Bulk Operations
Efficiently manage users, enrollments, and data at scale
When migrating from another LMS, onboarding a large cohort, or syncing with an HRIS, you need to process hundreds or thousands of records efficiently. This guide covers batch endpoints, rate limit strategies, and resilient error handling.
Prerequisites
REST API key with write permissions
Understanding of your source data format
A way to track external IDs for idempotency
Familiarity with rate limit headers
Batch User Creation
Create multiple users in a single request.

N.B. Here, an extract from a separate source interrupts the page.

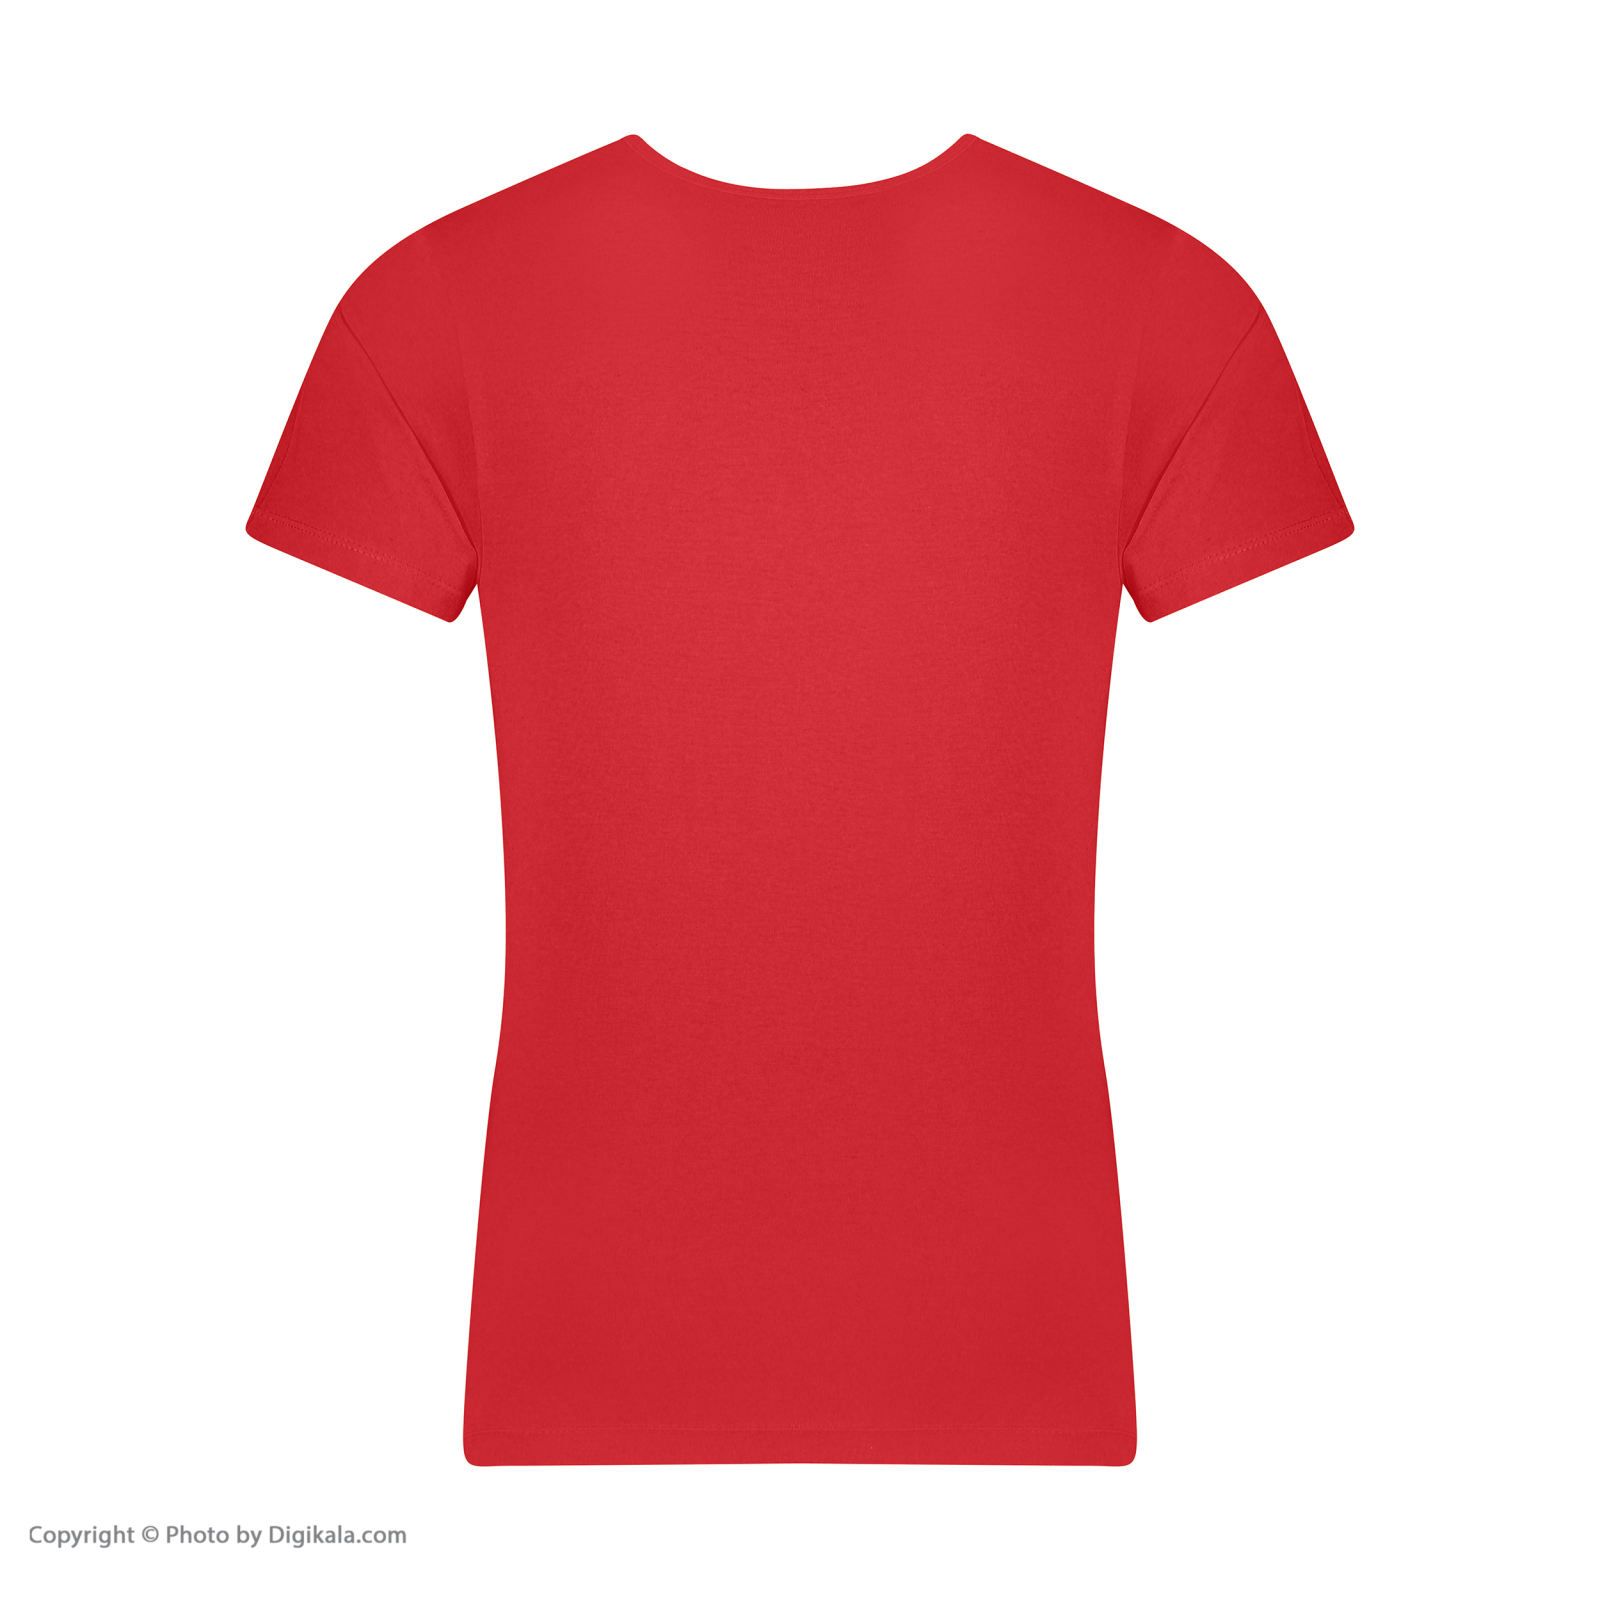 زیرپوش آستین دار مردانه برهان تن پوش مدل 2-02  رنگ قرمز بسته 12 عددی -  - 5

The batch endpoint accepts up to 100 users per call and returns per-record success/failure details:
POST /incoming/v2/users/bulk
Authorization: Bearer {API_KEY}
Content-Type: application/json
{
"users": [
{
"email": "[email protected]",
"firstName": "Alice",
"lastName": "Smith",
"externalId": "emp_001"
},
{
"email": "[email protected]",
"firstName": "Bob",
"lastName": "Jones",
"externalId": "emp_002"
}
],
"options": {
"skipExisting": true,
"sendWelcomeEmail": false
}
}Use externalId to link Thought Industries users to your system. This makes future updates and deduplication trivial.
Batch Enrollments
Enroll many users into courses or learning paths at once. This is ideal for onboarding new hires, rolling out mandatory training, or granting access after external purchases:
POST /incoming/v2/enrollments/bulk
Authorization: Bearer {API_KEY}
Content-Type: application/json
{
"enrollments": [
{
"userId": "usr_alice_001",
"courseId": "crs_intro_api",
"source": "bulk_import"
},
{
"userId": "usr_bob_002",
"courseId": "crs_intro_api",
"source": "bulk_import"
}
]
}Rate Limits
The API returns rate limit headers with every response. Monitor these to avoid throttling during large imports:
X-RateLimit-Limit: 100
X-RateLimit-Remaining: 87
X-RateLimit-Reset: 1699900000
Retry-After: 45async function batchWithBackoff(items, operation, batchSize = 50) {
const results = [];
for (let i = 0; i < items.length; i += batchSize) {
const batch = items.slice(i, i + batchSize);
const response = await operation(batch);
results.push(response);
// Respect rate limits
const remaining = parseInt(response.headers['x-ratelimit-remaining']);
if (remaining < 5) {
const resetAt = parseInt(response.headers['x-ratelimit-reset']) * 1000;
await delay(resetAt - Date.now());
}
}
return results;
}Error Handling
Batch responses include per-item error details so partial failures don't block the entire operation:
{
"successful": 48,
"failed": 2,
"errors": [
{
"index": 3,
"email": "invalid@",
"error": "Invalid email format",
"code": "VALIDATION_ERROR"
},
{
"index": 17,
"email": "[email protected]",
"error": "User already exists",
"code": "CONFLICT"
}
]
}VALIDATION_ERROR
A field failed format or constraint checks. Fix the data and retry.
CONFLICT
The record already exists. Use skipExisting or update instead.
NOT_FOUND
A referenced course or user doesn't exist. Verify IDs first.
RATE_LIMITED
Too many requests. Back off and retry with exponential delay.
Best Practices
Batch size of 50–100
Larger batches risk timeouts. Smaller ones create unnecessary overhead.
Log external IDs
Maintain a mapping table so you can retry or update records later.
Pre-validate data
Check email formats and required fields before sending to reduce validation errors.
Process asynchronously
For imports >1,000 records, use a background job with progress tracking.